Factors affecting Racism

Factors affecting Racism

Introduction

From time in memorial the blacks have been discriminated against in the United States of America. Some legislation was put in place to “keep the blacks in their place”. Such legislation that was put in place was the law that banned the Blacks from owning, and using a gun. All through the American history gun control laws was directed towards keeping the blacks from accessing guns. This paper will look into the discrimination associated with the gun control laws. The reason why the gun control laws should be considered as “suspect ideas”, that has been part of the American Legal System.

History

Racists’ arms laws have been in place for a very long time in the United States of America. From the year beginning 1751, there was a rule that was put in place in the state of Louisiana. The rule known as the Black code, the law required that all blacks in Louisiana to stop when stopped by the white Colonists. The colonists were allowed to beat “any black carrying any potential weapon, such as a cane” (Winston, 190). If the black who was stopped was on a horseback, and had defied the order to stop the colonist was allowed to “shoot to kill”. The possession o f a gun was necessary even for the slaves when they were living in a frontier where fighting was going on, but even under such circumstances laws continued to be enacted to stop the blacks from owning guns. Even the free black people were not allowed to own guns (Winston 180).

Individual factors

In the 1790’s a revolution by the slaves in Haiti managed to overthrow their masters who were French leading to a war between the black race and the white masters. Due to the development in Haiti there was fear in the French colony of Louisiana, as well among the white population in the United States of America. In the year 1803 the very first officials arrived at the State of New Orleans to take over the state after it was taken as colony by the United States. After the arrival of the officials the new city government put some laws in place which were directed towards the black population (Bulmer, 190).
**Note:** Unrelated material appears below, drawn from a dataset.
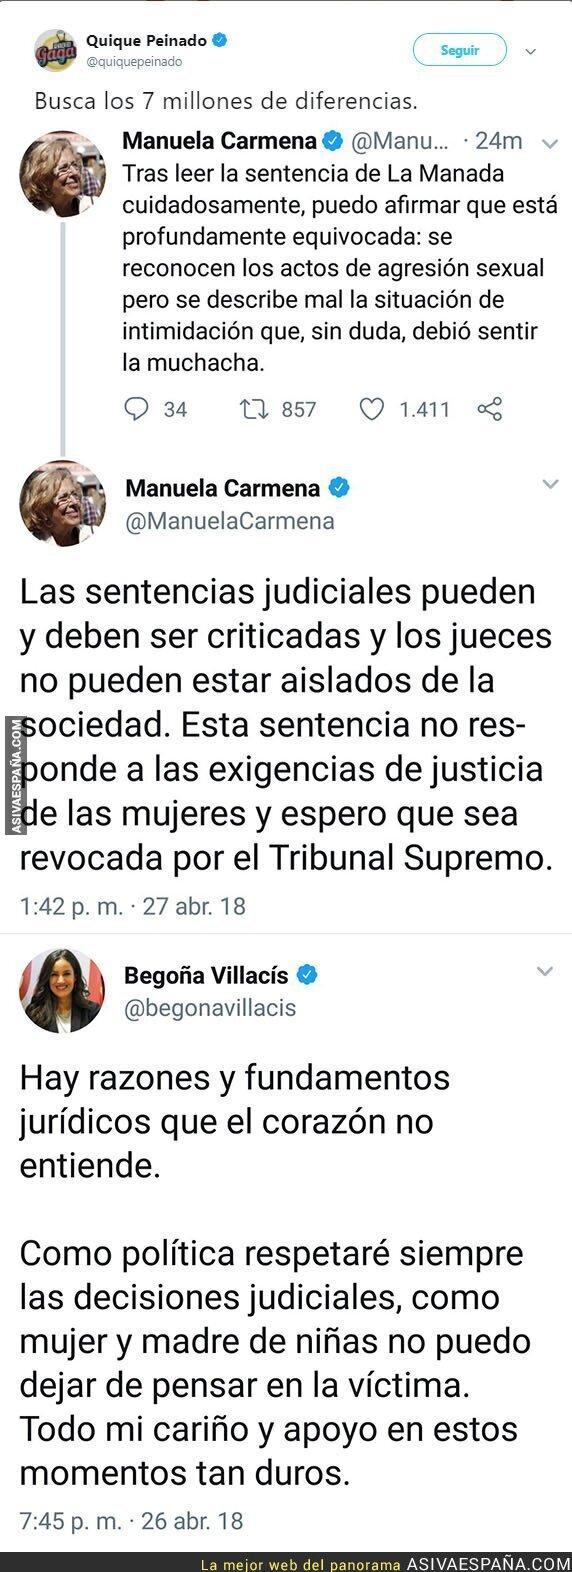 86084 - La gran diferencia de mensaje entre Manuela Carmena y Begoña Villacís tras salir la sentencia de La Manada

The rules that were put in place included, all the blacks even the free slaves be disarmed. Some rules stated that “free blacks from positions in which they were required to bear arms.” The white population was also banned from teaching the sports of fencing to the blacks, even the blacks’ effort to teach fencing to other Blacks was prohibited. Implementation of the rules was asset back to the blacks as they were not able to protect themselves adequately as the white’s did, they were not even allowed to take place in a sport like fencing (Bulmer, 210).

Societal factors

In the northern part of America, the new states remained fearful of the armed blacks. As a result the slave states in the north came up with Laws that were meant for the Black people alone. The perception held by the White population that the free blacks had sympathy for their enslaved brothers and the free black slaves were setting an example to the enslaved that “a Negro could be free” contributed to the laws (Bulmer, 200).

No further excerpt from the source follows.